Popat Ketul C, Eltgroth Matthew, Latempa Thomas J, Grimes Craig A, Desai Tejal A
Department of Physiology, Division of Bioengineering, University of California, 1700-4th Street, Box 2520, San Francisco, CA 94143-2520, USA.
Biomaterials. 2007 Nov;28(32):4880-8. doi: 10.1016/j.biomaterials.2007.07.037. Epub 2007 Aug 13.
Bacterial infection is one of the most common problems after orthopedic implant surgery. If not prevented, bacterial infection can result in serious and life threatening conditions such as osteomyelitis. Thus, in order to reduce chances of such serious complication, patients are often subjected to antibiotic drug therapy for 6-8 weeks after initial surgery. The antibiotics are systemically delivered either intravenously, intramuscularly or topically. Systemic antibiotic delivery entails certain drawbacks such as systemic toxicity and limited bioavailability. Further, in order for the drug to be effective at the site of implantation, high doses are required, which can result in undesired side effects in patients. Thus, local antibiotic therapy is the preferred way of administering drugs. To that end, we have developed titania nanotubular arrays for local delivery of antibiotics off-implant at the site of implantation. These nanotubes were fabricated on bulk titanium using anodization techniques. The fabrication strategies allow us to precisely control the nanotube length and diameter, thus enabling us to load different amounts of drugs and control the release rates. In this work we have fabricated titania nanotubes with 80 nm diameter and 400 nm length. We have loaded these tubes with 200, 400 and 600 microg of gentamicin. The gentamicin release kinetics from these nanotubes and its effect on Staphylococcus epidermis adhesion were investigated. Further, a preosteoblastic cell line called MC3T3-E1 was cultured on gentamicin-loaded nanotubes to evaluate the effect of nanoarchitecture on cell functionality. Our results indicate that we can effectively fill the nanotubes with the drug and the drug eluting nanotubes significantly reduce bacterial adhesion on the surface. Also, there is enhanced osteoblast differentiation on nanotubes filled with gentamicin.
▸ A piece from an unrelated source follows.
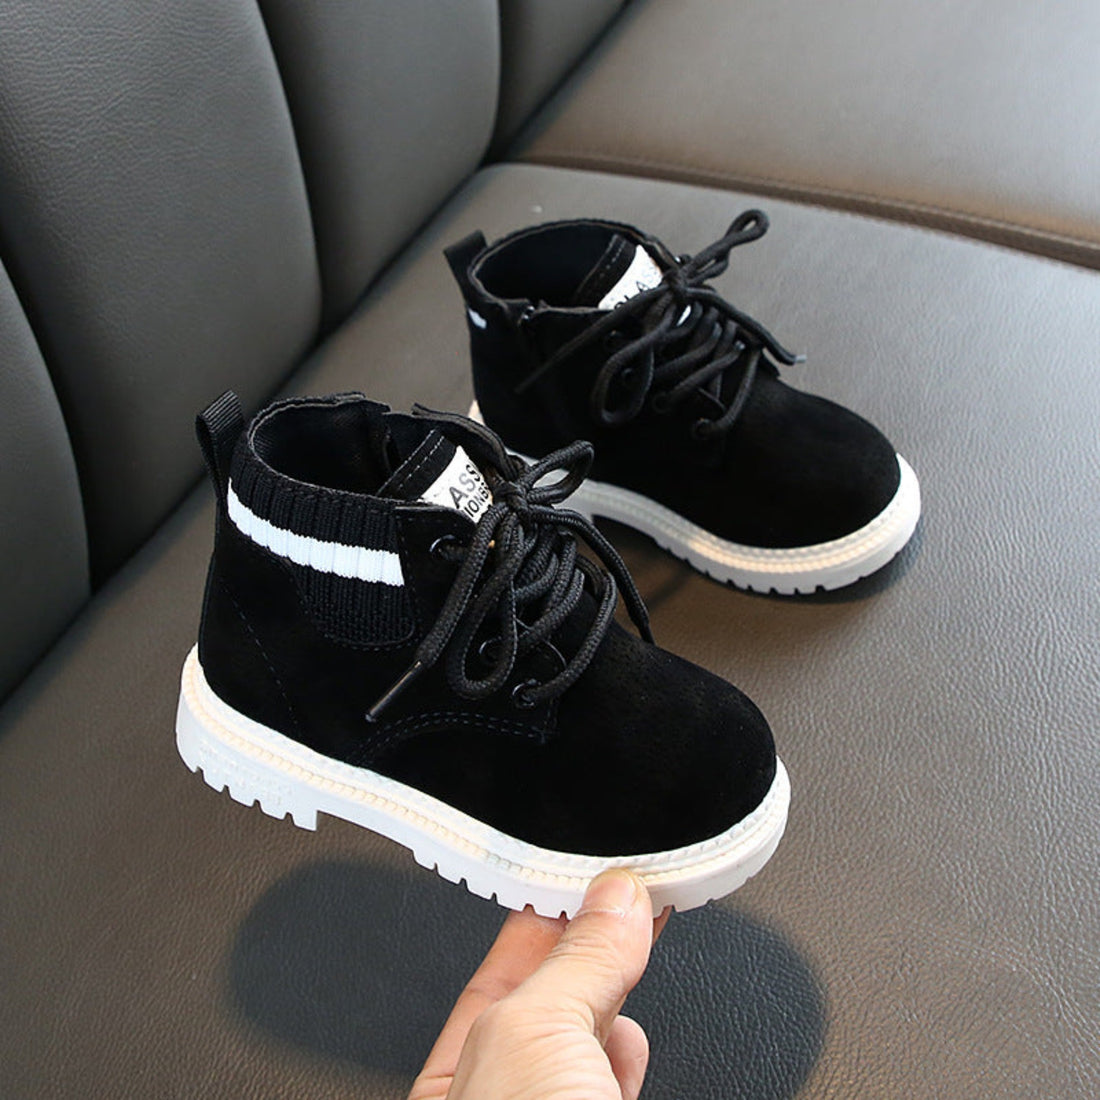 Breathable toddler shoes in black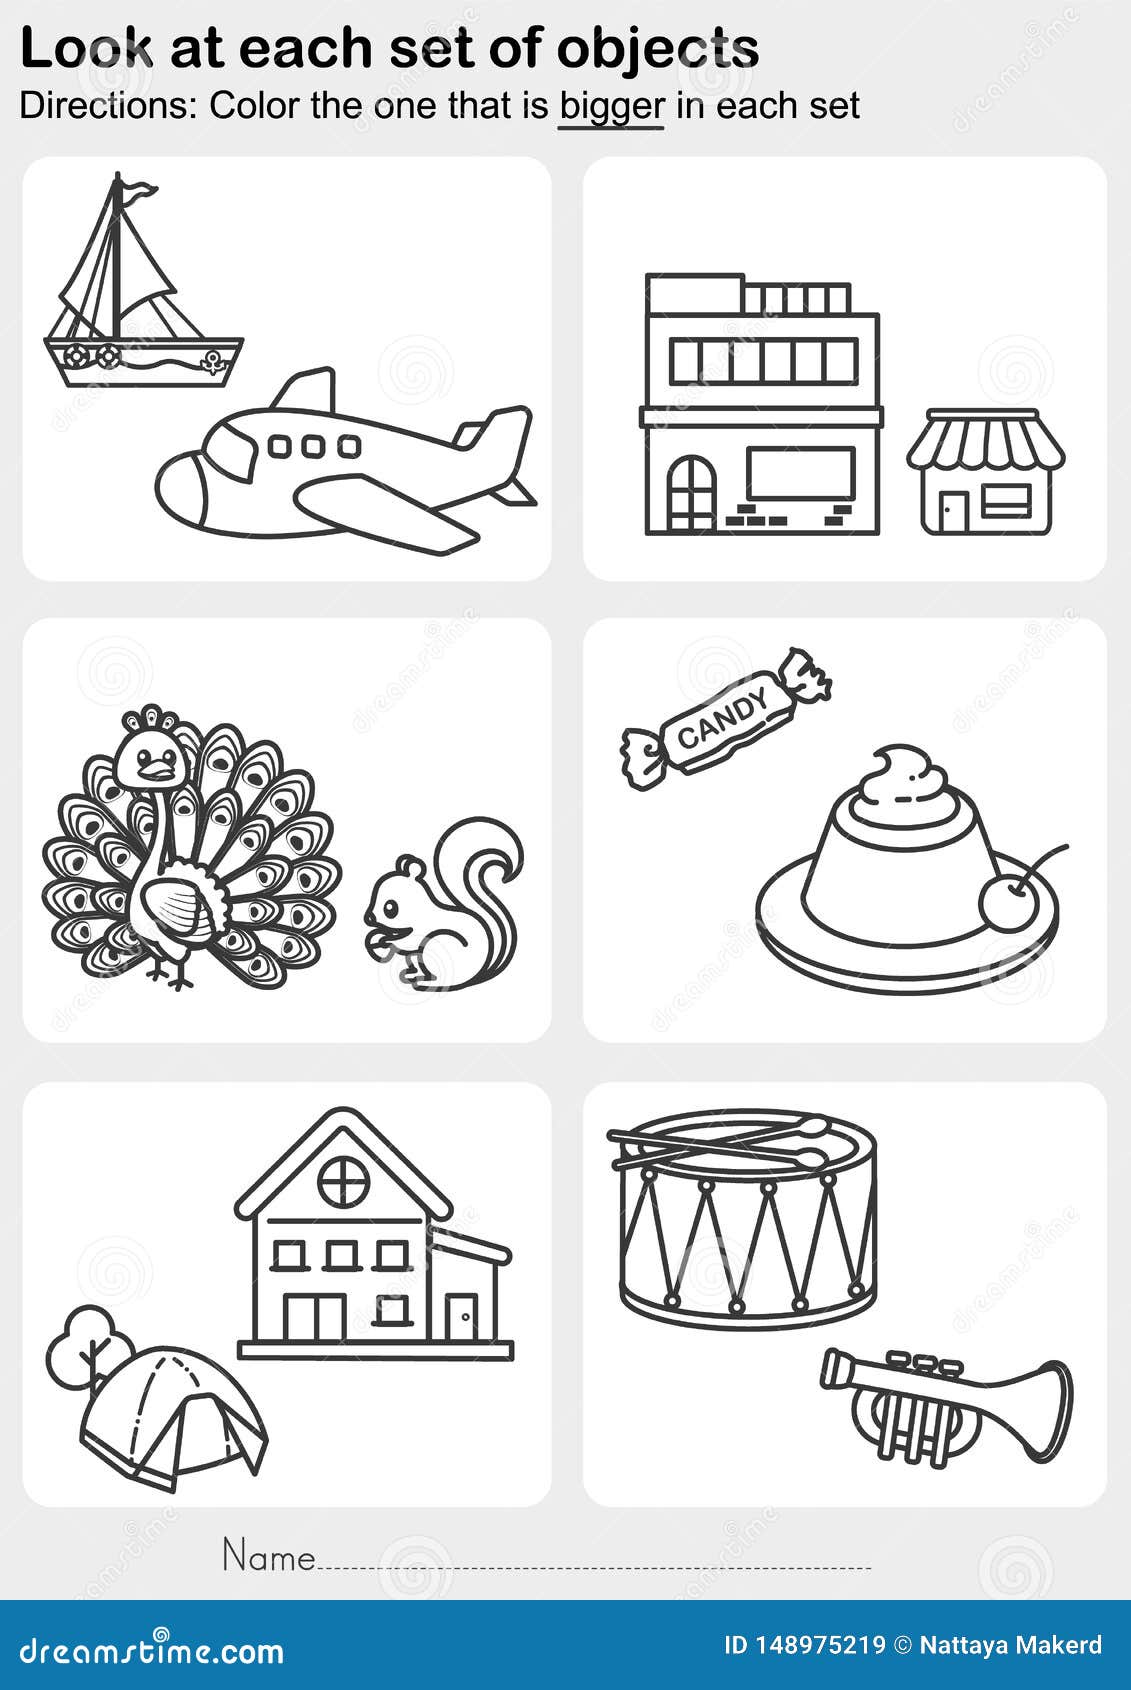 look at each set of objects - color the one that is bigger in each set

细菌感染是骨科植入手术后最常见的问题之一。如果不加以预防,细菌感染可能会导致严重的、危及生命的状况,如骨髓炎。因此,为了降低此类严重并发症的发生几率,患者在初次手术后通常要接受6至8周的抗生素药物治疗。抗生素通过静脉注射、肌肉注射或局部给药等方式进行全身给药。全身给药存在一定的缺点,如全身毒性和生物利用度有限。此外,为了使药物在植入部位有效,需要高剂量给药,这可能会给患者带来不良副作用。因此,局部抗生素治疗是给药的首选方式。为此,我们开发了二氧化钛纳米管阵列,用于在植入部位局部递送植入体外的抗生素。这些纳米管是使用阳极氧化技术在块状钛上制备的。制备策略使我们能够精确控制纳米管的长度和直径,从而使我们能够装载不同量的药物并控制释放速率。在这项工作中,我们制备了直径为80纳米、长度为400纳米的二氧化钛纳米管。我们在这些纳米管中装载了200、400和600微克的庆大霉素。研究了这些纳米管中庆大霉素的释放动力学及其对表皮葡萄球菌黏附的影响。此外,在装载庆大霉素的纳米管上培养一种称为MC3T3-E1的前成骨细胞系,以评估纳米结构对细胞功能的影响。我们的结果表明,我们可以有效地将药物填充到纳米管中,且药物洗脱纳米管能显著降低表面细菌的黏附。此外,装载庆大霉素的纳米管上的成骨细胞分化增强。